The development of artificial intelligence does not come to an end. The popular text generator ChatGPT has new functions now: It can hear, speak and see. But was exactly does that mean? How do the new features look like and what other functions are possible in the future?
The new functions
That ChatGPT can hear is already possible since a certain amount of time because of API (application programming interfaces). API works like a digital arbiter. This conducts information from one interface, e.g. an app, to another. With the new auditory function, the prompts can get entered directly via voice command and do not have to get keyboarded. The voice recognition follows here by Whisper. This is a reliable system for the conversion from speech into text.
The language function of ChatGPT is a bit newer. This works similar to e.g. Google Assistant. Therefore, it is possible to carry a conversation with the chatbot, even when these still proceed clipped. Though, a more interactive use is possible like this. When a voice command is given, it is also answered with voice. Therefor OpenAI has consulted professional dubbers. One has the choice out of five different voices. And the language function renders one more option. Blind people as well as people with dyslexia are able to directly get the texts read aloud and don’t need an extra program for that.
The visual function enables that ChatGPT can conduct imagine analysis from now on. Therefor one uploads one or more pictures and marks p. r. n. the area which should be analyzed. For example, this can help kids with homework. They can make a picture from the exercise and get support from the artificial intelligence.
This facilitates the lives of the parents who work in home office and simultaneously want to help their children. The results can be explained subsequently by the chatbot and discussed with it. So adaptions can be made faster and more easily. Also, the own fridge can be photographed and uploaded in the app for example, if one does not know what to cook. Then ChatGPT vomits a fitting recipe quickly.
With the new features, we can expect some more extensions in the future. Conceivable is that also spoken content, e.g. YouTube videos, can be heard and seen by the chatbot and get processed afterward. This would make the corpus even bigger and the results more valuable.
The conversations which can be carried on by ChatGPT do not proceed fluently yet. However, one can expect that this circumstance will amend quickly. So we soon can have conversations with the chatbot in real-time, like with the language assistants Siri from Apple and Alexa from Amazon.
Such language assistants have been taken kindly in the past and are used regularly since then. This shows that the language function also can be worthwhile for ChatGPT. In the future, it can be called into action in sales as well as in the customer service.

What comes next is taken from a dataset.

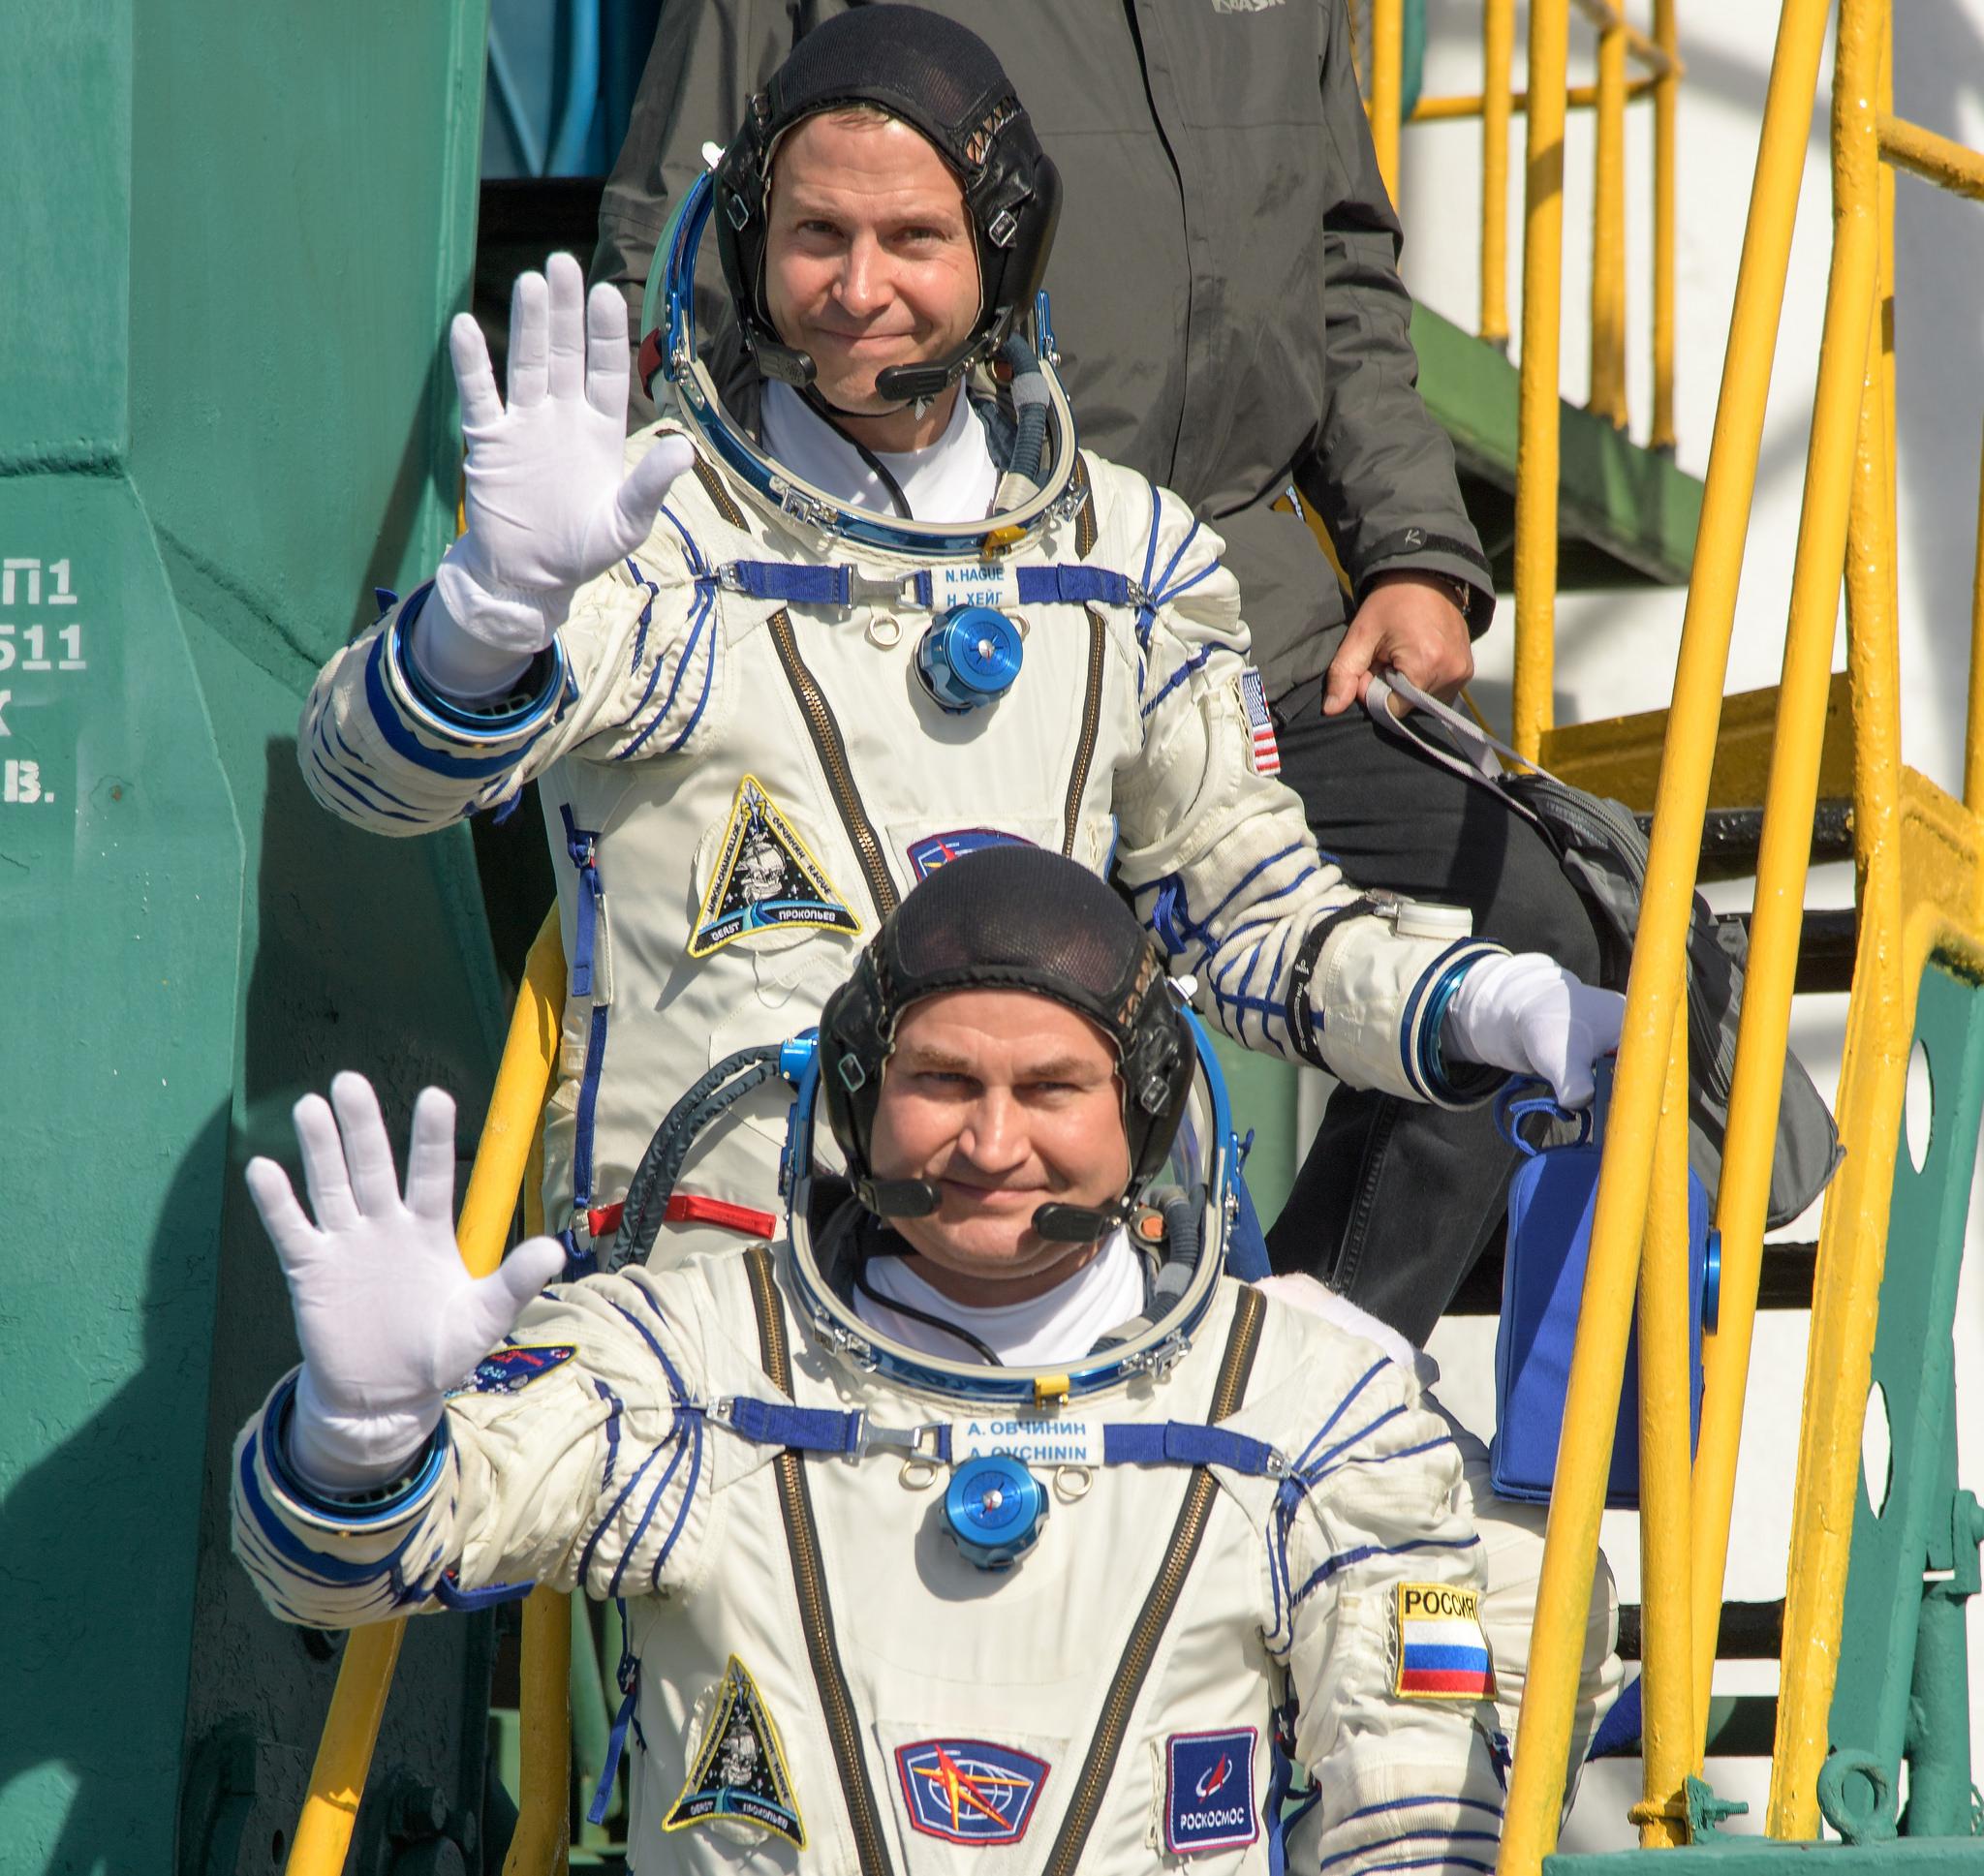 NASA astronaut Nick Hague, top, and Russian cosmonaut Alexsey Ovchinin wave farewell before boarding their Soyuz spacecraft. Credit: NASA/Bill Ingalls

Beyond, it is possible that the AI soon will recognize and assess emotions. This would cause that the prompts are received even better and the texts can be issued more precisely. These will correspond the notions more and emotions can get included.
ChatGPT already helps us in many situations. The artificial intelligence produces texts of every description as desired. Through the new language and auditive function, the application underway is even more easily and faster.
Furthermore, it facilitates handicapped people the life. The visual function whereas can especially be supportive in everyday family life. In the future, we can expect more helpful functions on the basis of the new features. The AI program can be a huge advantage which should be used today. Especially when solutions for problems are needed quickly, the chatbot can be a good help.
Maximilian Schmidt is CEO of the CPI Technologies GmbH. The company is specialized in software development in the areas artificial intelligence, blockchain and digital product development.
Statements of the author and the interviewee do not necessarily represent the editors and the publisher opinion again.